Required action: Starting at the line that contains "A student installing artwork", transcribe each line exactly through the end of the data below, and skip any pictures.

Recorded information:

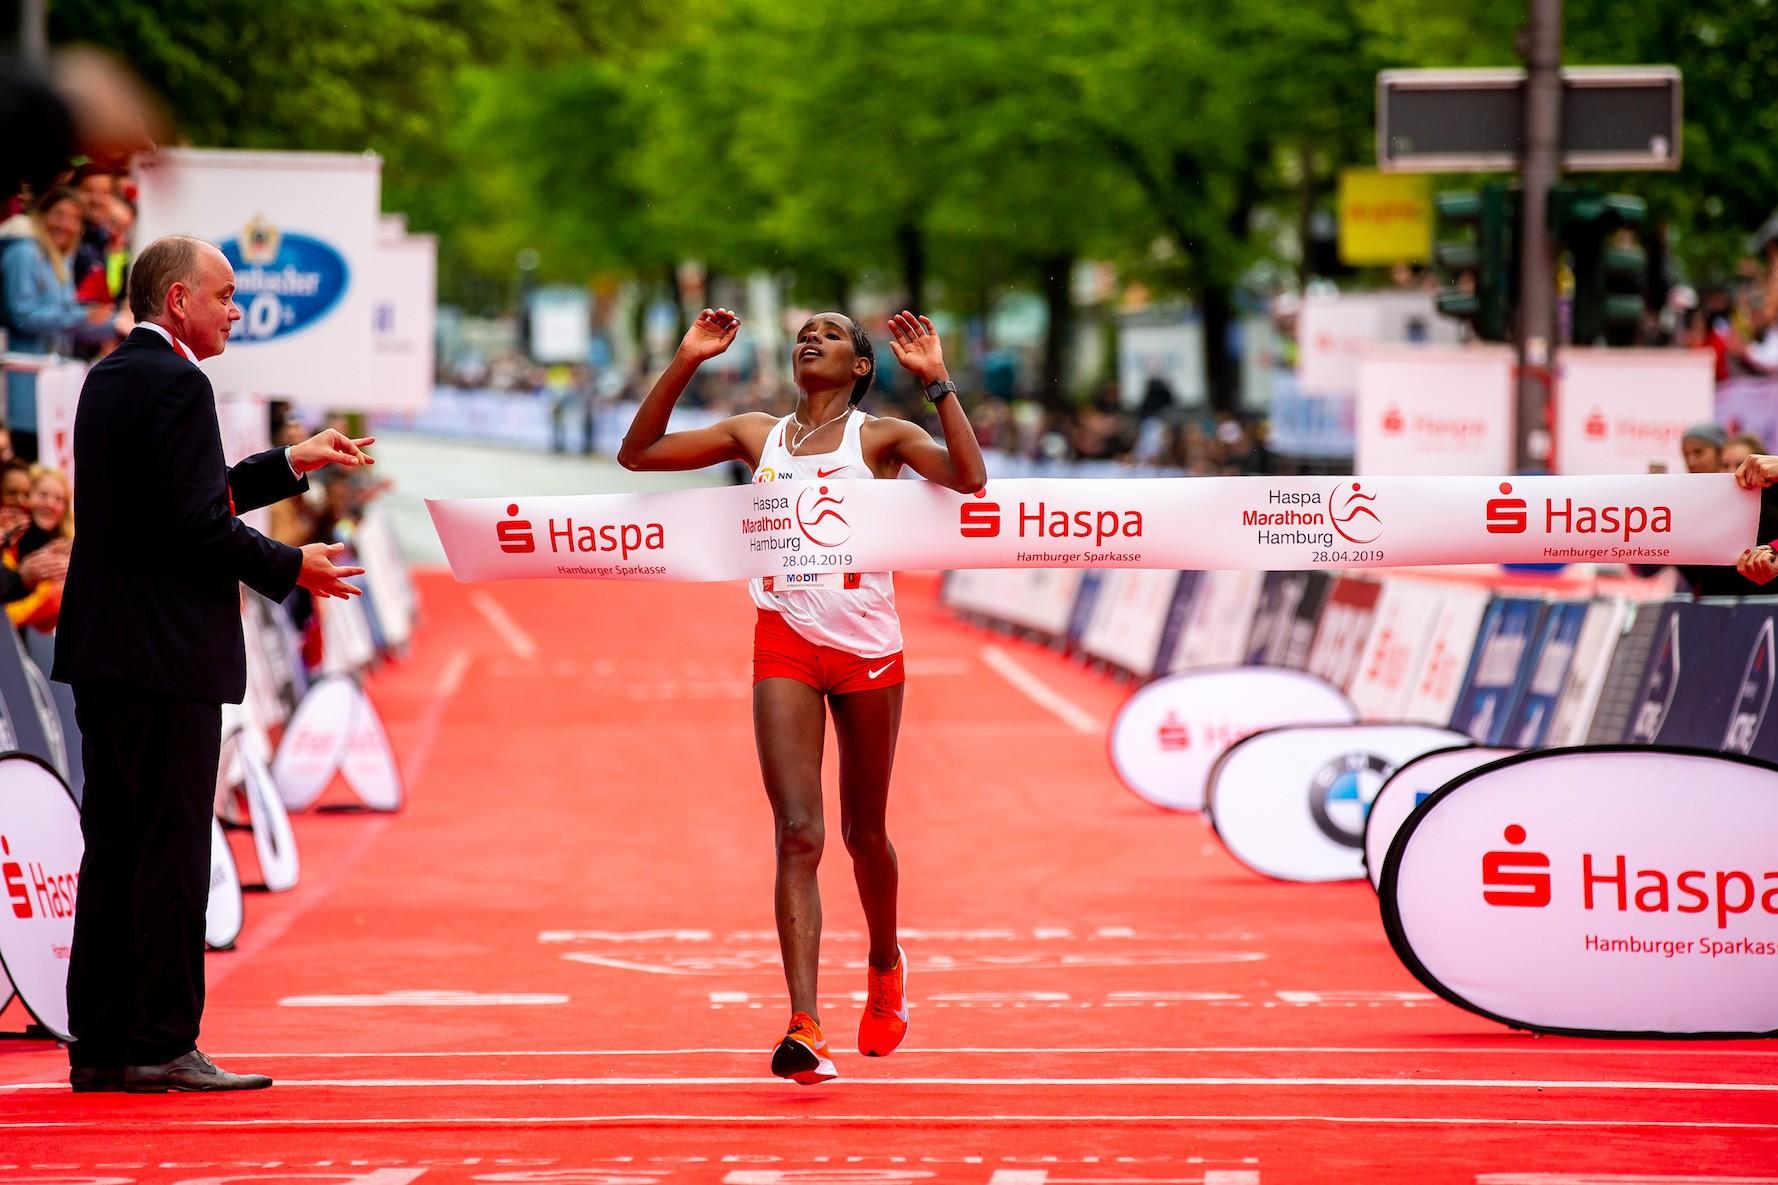 34. Haspa Marathon Hamburg 2019, Siegerinn Dibabe Kuma (ETH) / Photo Credit: Philipp Szyza / HOCH ZWEI
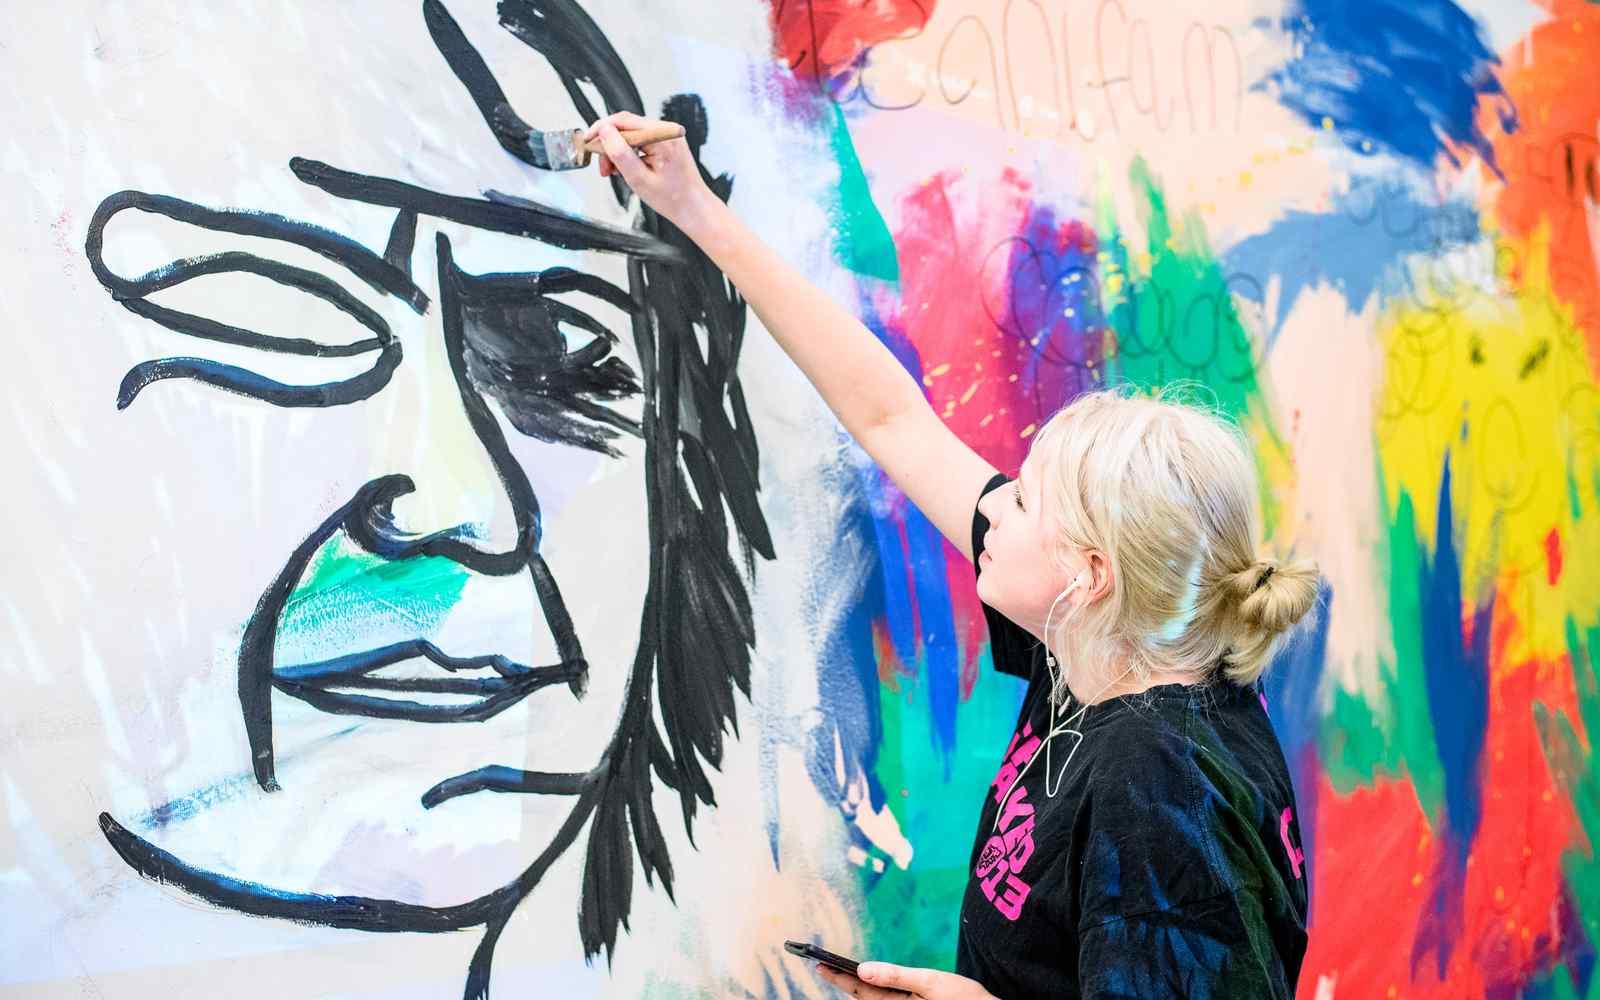 A student installing artwork
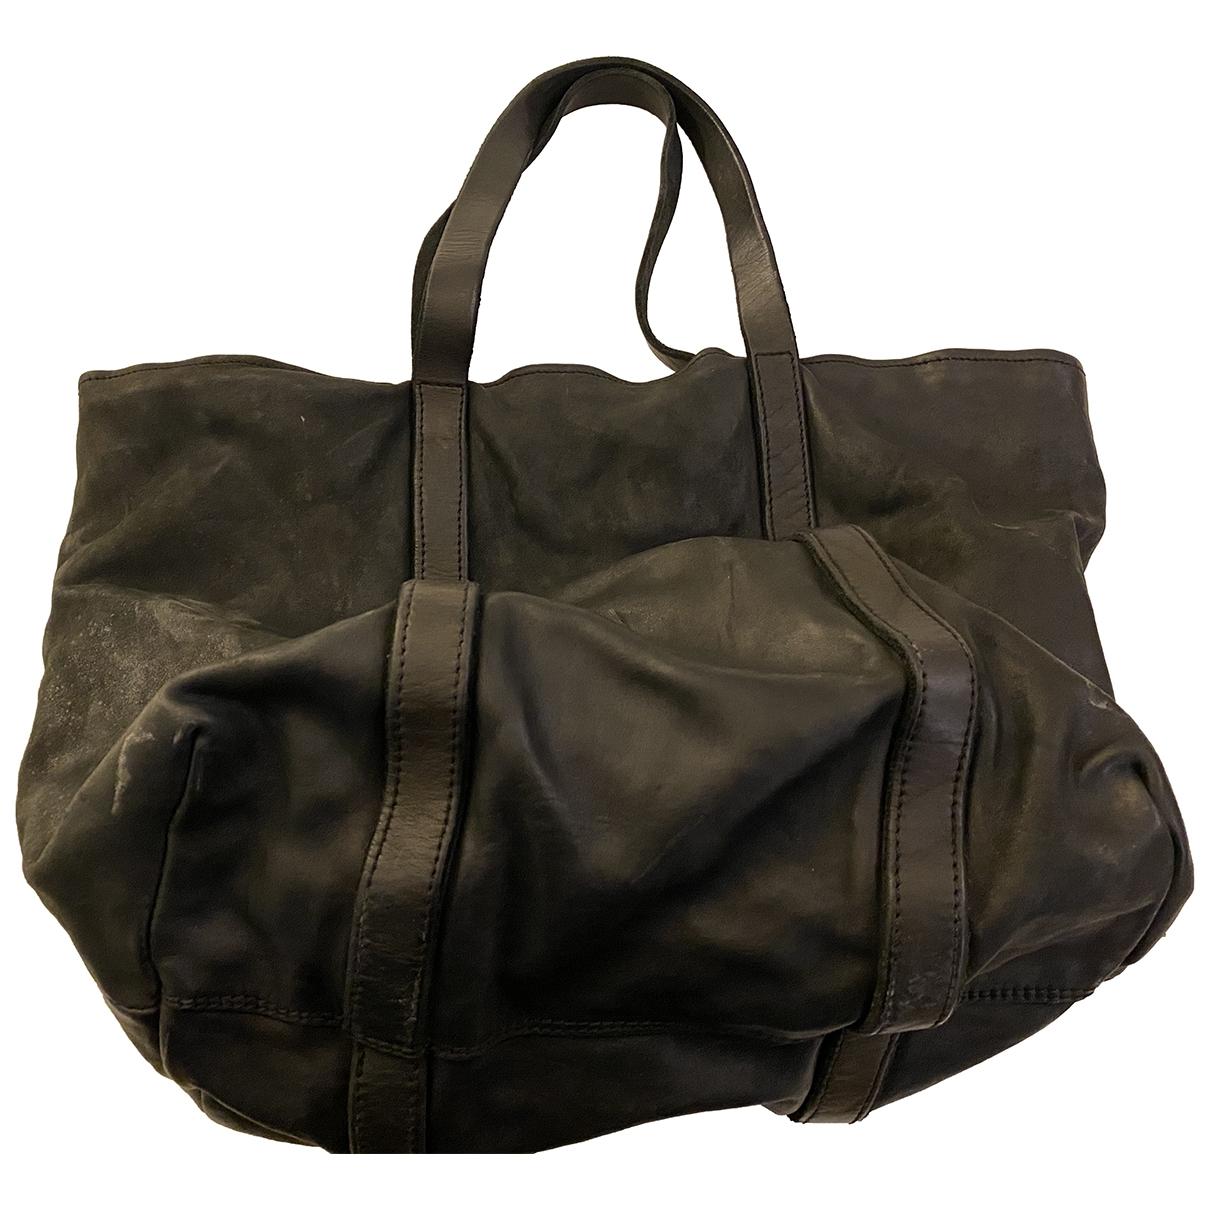 Guidi \N Black Leather handbag for Women \N

Exercise result:
 A student installing artwork
 Guidi \N Black Leather handbag for Women \N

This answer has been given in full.